José Pedro Marques
O ano era 1991 e estreava o marcante e melancólico My Own Private Idaho, realizado por Gus Van Sant. A performance de River Phoenix como um narcoléptico que se prostitui para conseguir sobreviver nas ruas de Portland é uma das mais emblemáticas daquele que será, mais tarde, definido como o movimento New Queer Cinema, englobando obras da década de 90 com foco na vida LGBTQ+. “Cuspindo na cara” do pinkwashing e revogando a utilização de personagens queer com fins performativos, esta nova onda de filmes independentes vem colocar no centro da produção artística a subversão dos papéis binários de género e todas as suas manifestações políticas, interpessoais e individuais. A experiência gay surge como um mundo underground, onde a expressão pessoal é idiossincrática e revolucionária, incendiária e orgânica.
É em Paris is Burning que Jennie Livingston documenta o ballroom que floresceu entre as vísceras gentrificadas e cisheteronormativas da vida noturna de Nova Iorque. Dando voz a mulheres trans negras e latinas, põe em primeiro plano o seu papel na construção de uma identidade cultural puramente original e influente. Já Todd Haynes pinta um conto de homoerotismo dentro de uma prisão em Poison, enquanto conta as histórias de uma criança que assassina o seu pai abusivo e de um cientista que, após descobrir o elixir para a atração sexual, se transforma num leproso. Blue, o último filme de Derek Jarman, utiliza uma tela azul Klein para partilhar o testemunho daquilo que é viver – e morrer – com SIDA. Revelando uma visão artística particularmente poética e histriónica, Jarman transforma a sua própria morte no legado de uma América genocida.
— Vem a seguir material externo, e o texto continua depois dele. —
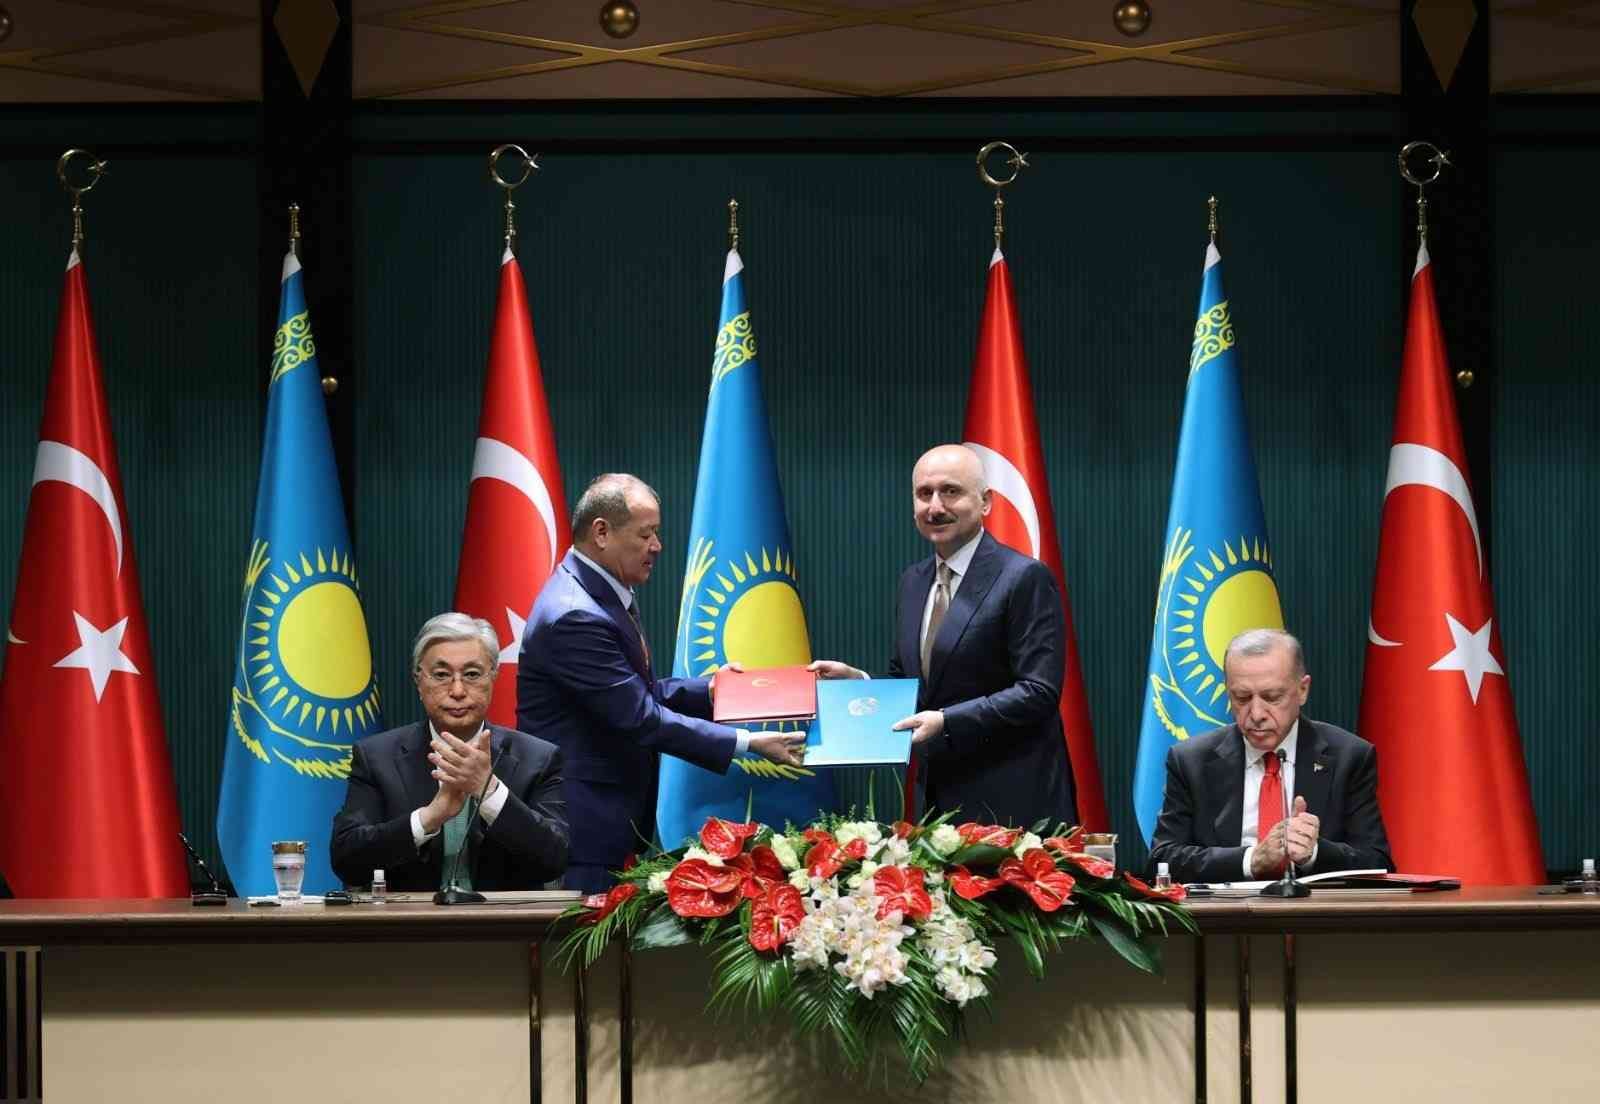 Bakan Karaismailoğlu: 'Kazakistan ile transit geçiş belgesi kotası 7,5 kat artacak'
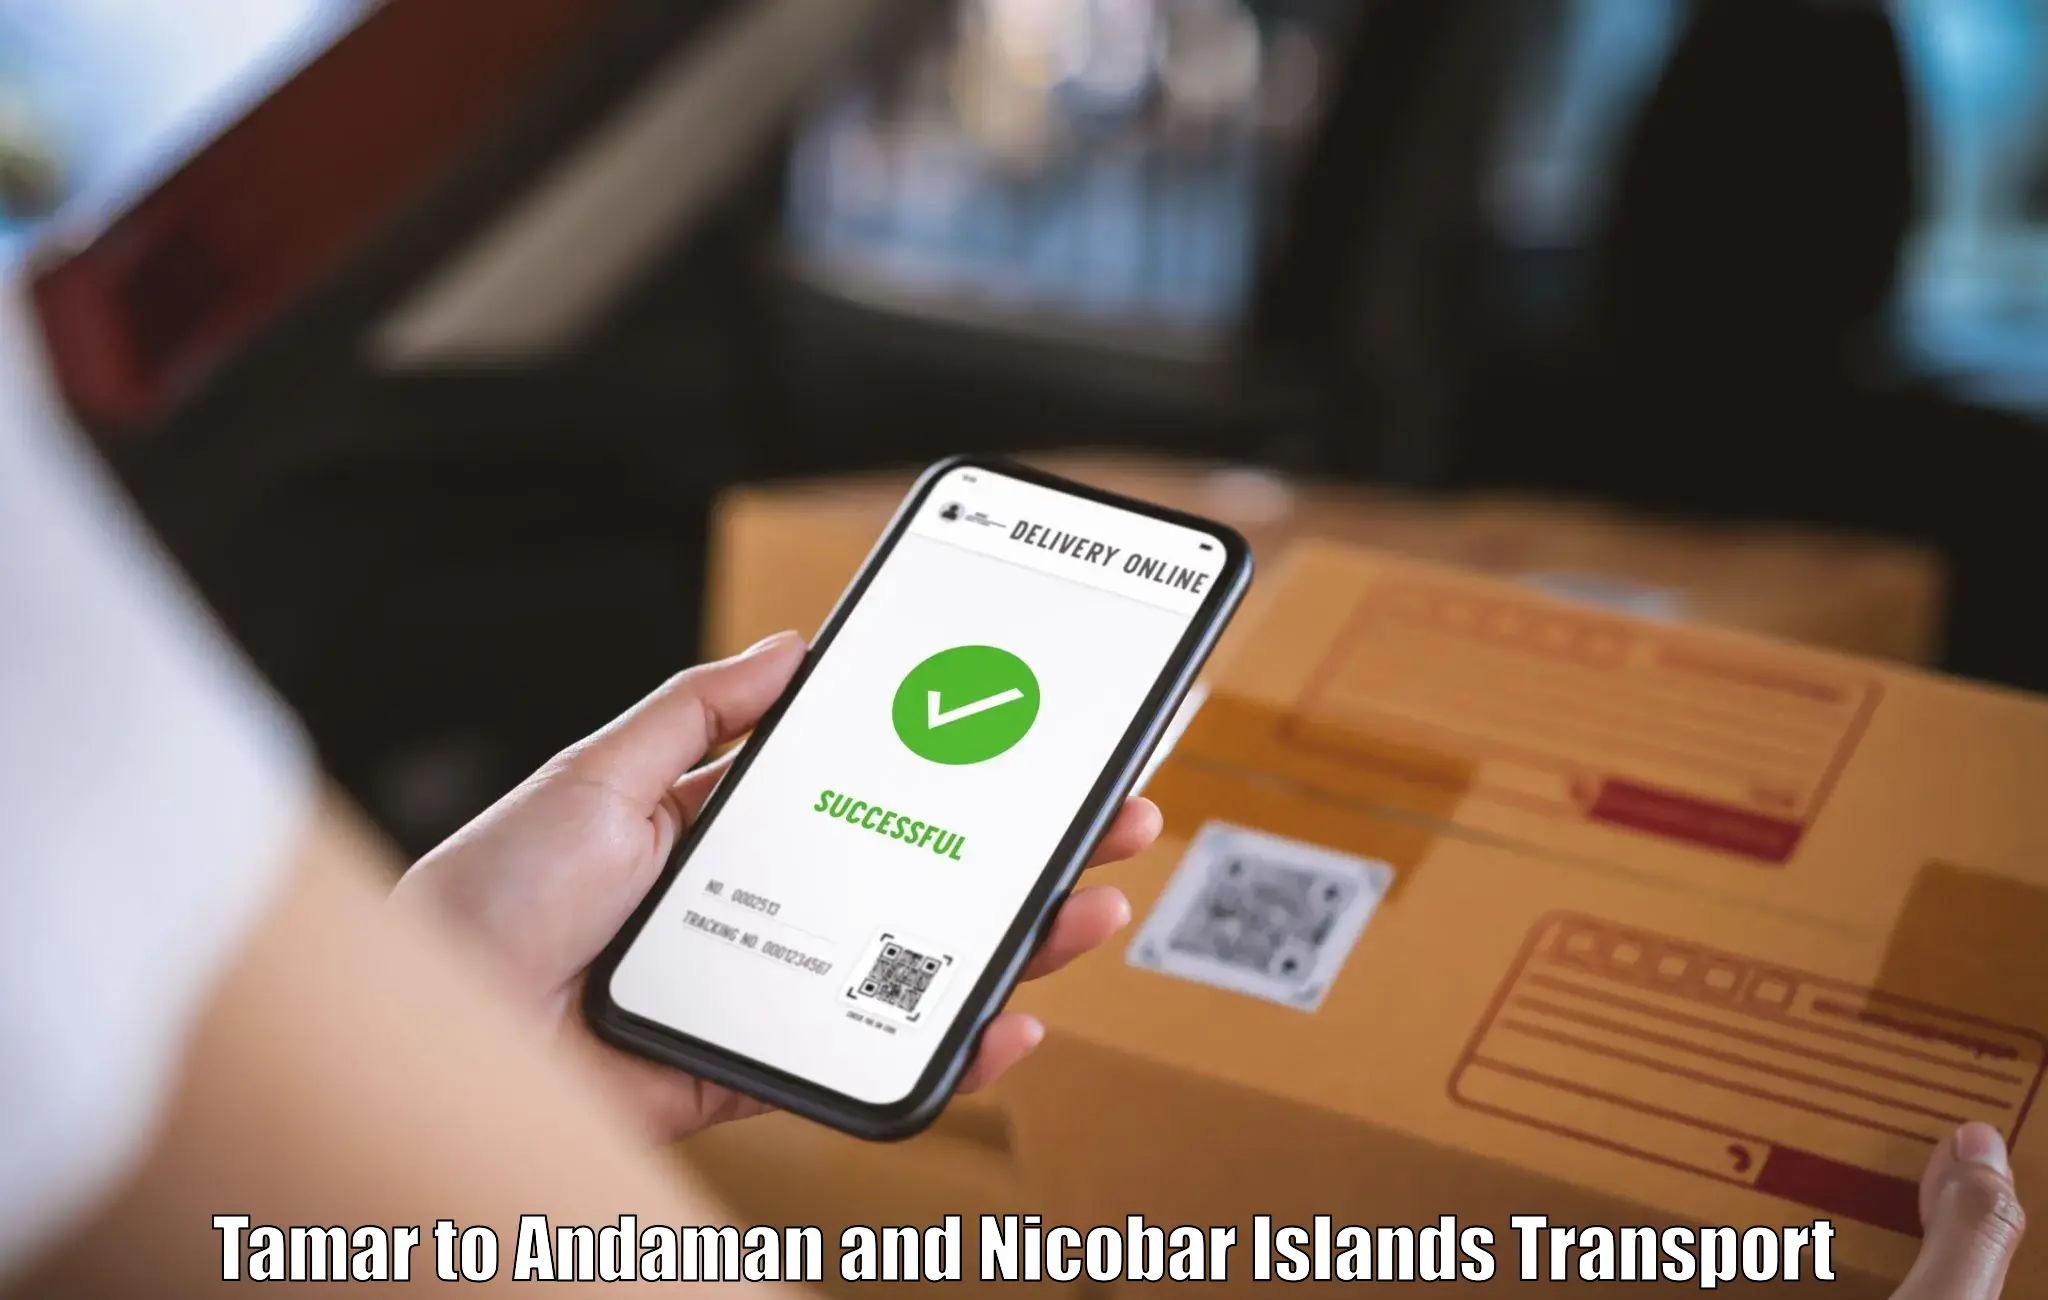 Furniture transport service Tamar to Andaman and Nicobar Islands

Totally F*cked Up, o primogénito da trilogia Teenage Apocalypse, descreve a SIDA como uma arma biológica utilizada para eliminar aqueles que praticam sexo pré-matrimonial ou consumem drogas intravenosas. It’s like a born-again Nazi Republican wet dream come true, relata a personagem Patricia. Pois, Patricia, tens toda a razão. Introduzindo a longa com a frase ANOTHER HOMO MOVIE BY GREGG ARAKI espetada no ecrã, o autor estabelece o seu tema, a sua audiência e o seu manifesto. Com a retorção daquilo que seria um teen drama, é criado um universo em que Queerness é a única religião, alucinogénios passam a hóstia e concertos dos Nine Inch Nails são a missa que os praticantes frequentam. Progressivamente mais experimentais, The Doom Generation e Nowhere, os dois filmes que completam a tríade de Araki, utilizam elementos sonoros e visuais que transportam e transtornam, acompanhando a narrativa distópica que os define.
Alcançando notoriedade internacional e intergeracional, estes e muitos outros criadores e suas criações vieram provar que a norma não chega para criar arte que resista às intempéries do esquecimento. É imperativo reescrever a narrativa de que a marginalização das minorias é o elemento mais importante da sua identidade. New Queer Cinema, para além duma resposta artística à gestão política da SIDA na década de 80, foi uma emergência no reconhecimento e emancipação da voz queer. Que não volte a ser silenciada.